Quality control and visualisation with SPIAT

First we load the SPIAT library.

library(SPIAT)

Here we present some quality control steps implemented in SPIAT to check for the quality of phenotyping, help detect uneven staining, and other potential technical artefacts.

In this vignette we will use an inForm data file that’s already been formatted for SPIAT with format_image_to_spe(), which we can load with data(). We will use define_celltypes() to define the cells with certain combinations of markers.

data("simulated_image")

# define cell types
formatted_image <- define_celltypes(
    simulated_image, 
    categories = c("Tumour_marker","Immune_marker1,Immune_marker2", 
                   "Immune_marker1,Immune_marker3", 
                   "Immune_marker1,Immune_marker2,Immune_marker4", "OTHER"), 
    category_colname = "Phenotype", 
    names = c("Tumour", "Immune1", "Immune2", "Immune3", "Others"),
    new_colname = "Cell.Type")

Visualise marker levels

Boxplots of marker intensities

Phenotyping of cells can be verified comparing marker intensities of cells labelled positive and negative for a marker. Cells positive for a marker should have high levels of the marker. An unclear separation of marker intensities between positive and negative cells would suggest phenotypes have not been accurately assigned. We can use marker_intensity_boxplot() to produce a boxplot for cells phenotyped as being positive or negative for a marker.

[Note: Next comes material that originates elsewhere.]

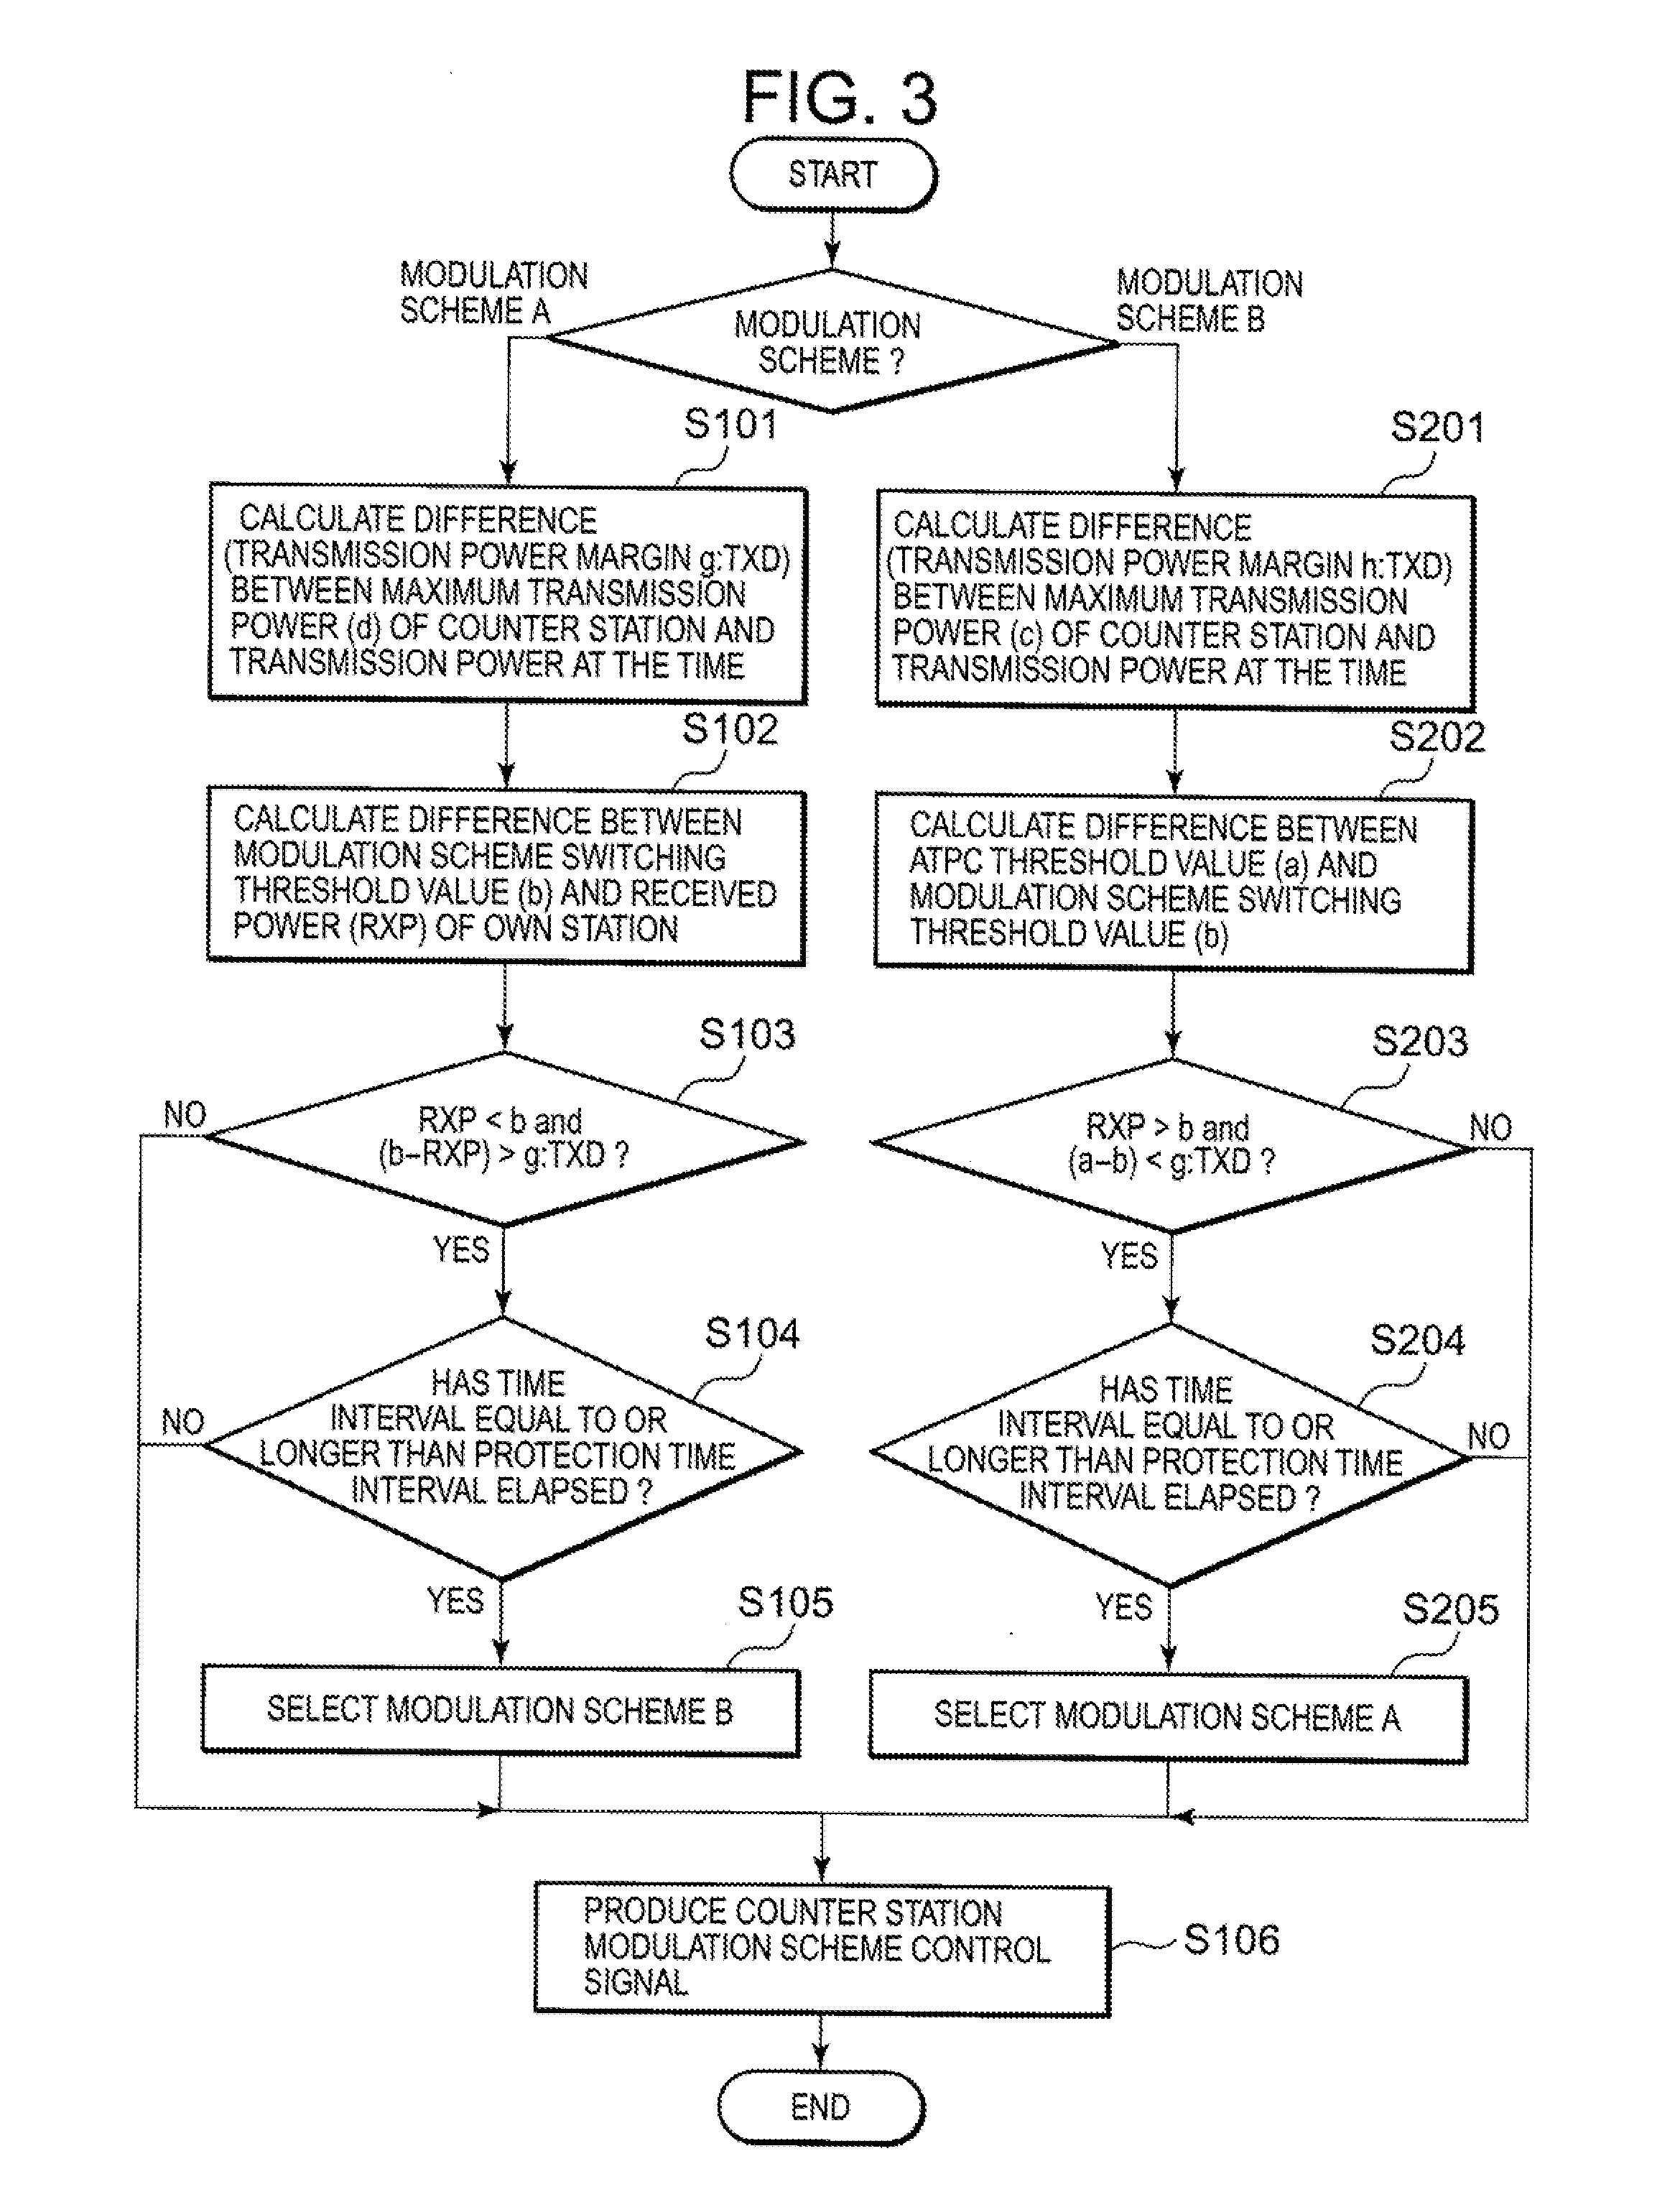 Radio transmission device, method for determining modulation system, and recording medium therefor
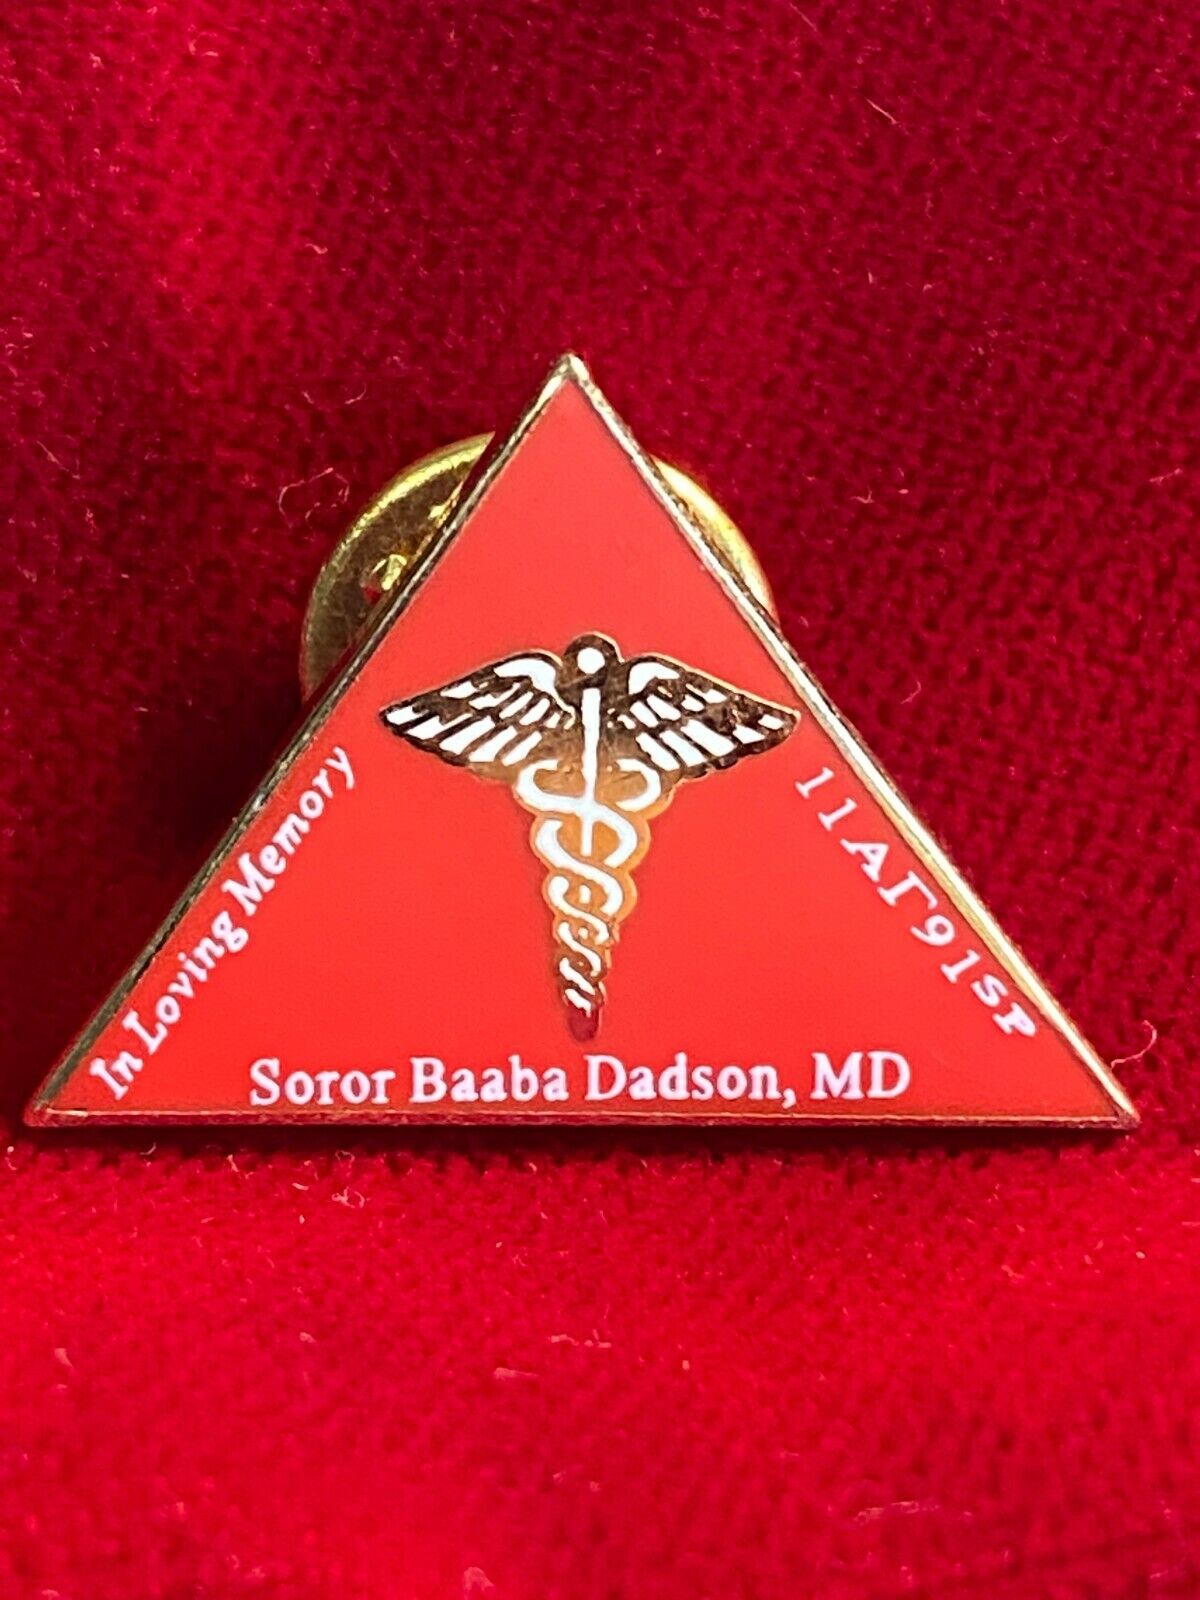 In Memory Soror Baaba Dadson MD Hermes Staff Medical Cloisonné Tie Lapel Pin 1

marker_intensity_boxplot(formatted_image, "Immune_marker1")

Note that if phenotypes were obtained from software that uses machine learning to determine positive cells, which generally also take into account properties such as cell shape, nucleus size etc., rather than a strict threshold, some negative cells will have high marker intensities, and vice versa. In general, a limited overlap of whiskers or outlier points is tolerated and expected. However, overlapping boxplots suggests unreliable phenotyping.

Scatter plots of marker levels

Uneven marker staining or high background intensity can be identified with plot_cell_marker_levels(). This produces a scatter plot of the intensity of a marker in each cell. This should be relatively even across the image and all phenotyped cells. Cells that were not phenotyped as being positive for the particular marker are excluded.

plot_cell_marker_levels(formatted_image, "Immune_marker1")

Heatmaps of marker levels

For large images, there is also the option of ‘blurring’ the image, where the image is split into multiple small areas, and marker intensities are averaged within each. The image is blurred based on the num_splits parameter.

plot_marker_level_heatmap(formatted_image, num_splits = 100, "Tumour_marker")

Identifying incorrect phenotypes

We may see cells with biologically implausible combination of markers present in the input data when using unique(spe_object$Phenotype). For example, cells might be incorrectly typed as positive for two markers known to not co-occur in a single cell type. Incorrect cell phenotypes may be present due to low cell segmentation quality, antibody ‘bleeding’ from one cell to another or inadequate marker thresholding.

If the number of incorrectly phenotyped cells is small (<5%), we advise simply removing these cells (see below). If it is a higher proportion, we recommend checking the cell segmentation and phenotyping methods, as a more systematic problem might be present.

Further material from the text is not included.